Just to make one point clear : tracers such as LTTng simply dumps the
data to a buffer, so such interaction does not exist. However, I've seen
that other "specialized" tracers (ftrace, blktrace, ..) can be much more
tied to the subsystem they trace, and that will problably end up being
used as a feedback-loop tuning hook.
So besides having a behavior consistent with what can be expected by the
C ABI (probes are written in C after all), the major point is to have
minimal side-effect on the instrumented function. The idea is to have
something that 1 - works without weird hard to debug corner cases, so
stable and production-ready _and_ 2 - is very efficient.
The tracepoints proposed, like the Markers, actually add a function call
in an unlikely() branch in the instrumented functions. It therefore uses
the compiler to generate the correct register dependencies at the
instrumentation site, but leaves the stack spilling in a dynamically
disabled region on cache-cold instructions. FWIW, it's actually better
than the Dtrace approach of nopping out a function call, because they
leave the stack setup in cache-hot instructions.
About turning leaf functions into non-leaf functions, we indeed have to
make sure we add them in locations less likely to change the resulting
code. It implies trying to instrument functions that are non-leaf.
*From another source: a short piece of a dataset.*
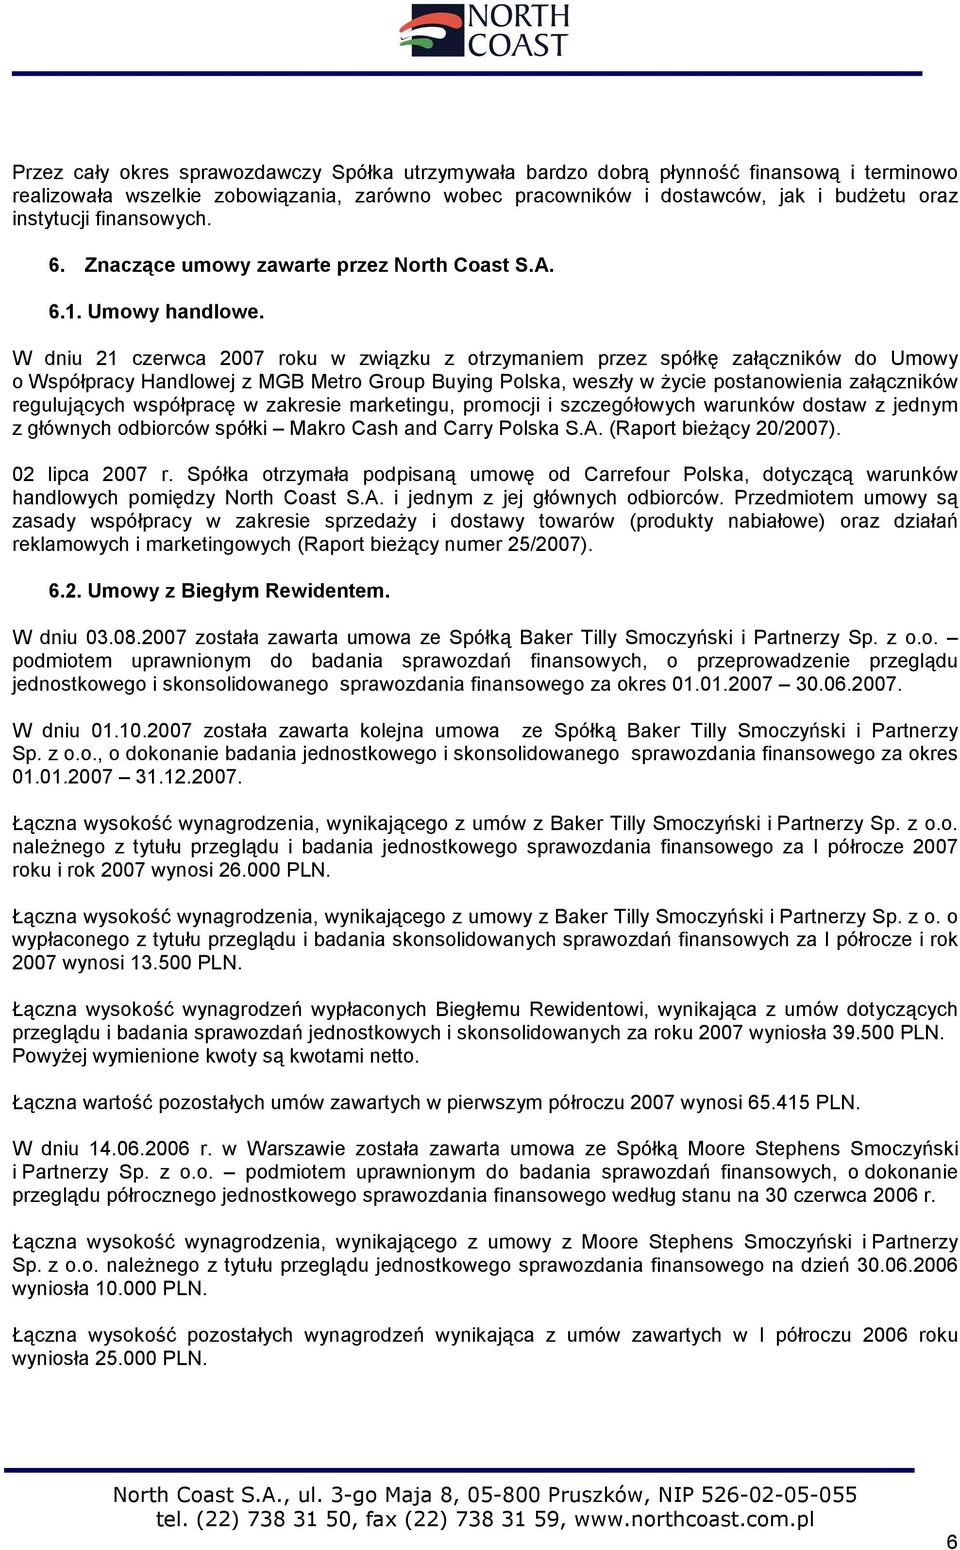 W dniu 21 czerwca 2007 roku w związku z otrzymaniem przez spółkę załączników do Umowy o Współpracy Handlowej z MGB Metro Group Buying Polska, weszły w życie postanowienia załączników regulujących

As a
quick example, let's have a look at the actual location of the proposed
scheduler tracepoints in sched.c :
wait_task_inactive()
At least calls task_rq_lock, non-leaf.
try_to_wake_up()
At least calls task_rq_lock, activate_task, ... : non-leaf.
wake_up_new_task()
At least calls activate_task : non-leaf.
context_switch()
Static inline, embedded in schedule(), which is itself non leaf : it
calls, at least, thread_return : non-leaf.
sched_migrate_task()
static function, inlined in sched_exec, which also calls
sched_balance_self : non-leaf.
Result : none of these were leaf functions.
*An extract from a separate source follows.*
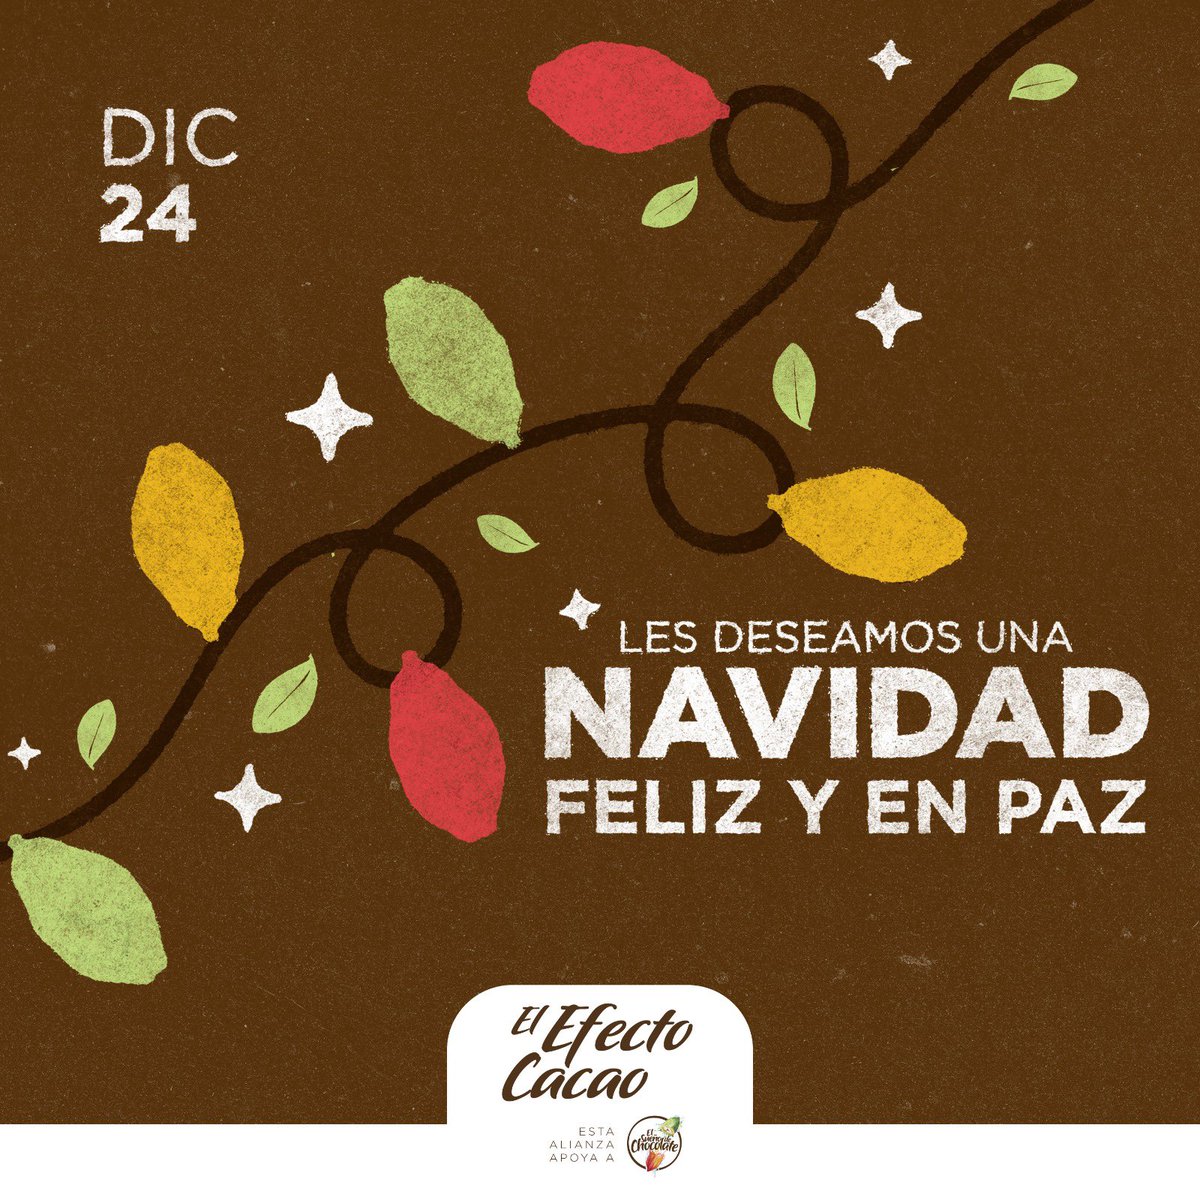 El Efecto Cacao les desea una Feliz Navidad. 🎄 Gracias por su confianza, por su lealtad y por el impacto transformador que juntos hemos logrado en el campo colombiano. ¡Sigamos sembrando sueños y cultivado esperanzas!❤️🍫 #FelizNavidad

Actually, most of the function I have seen that were worth instrumenting
fell in either in those three categories :
- Complex function which includes function calls.
- Simple static inline function, embedded in another more complex
function, itself including function calls.
- Simple "wrapper" function, taking arguments and passing them to a
function pointer (VFS system calls provide many examples). These
include, indeed, a function call.
So my conclusion is that adding a tracepoint should be done with care.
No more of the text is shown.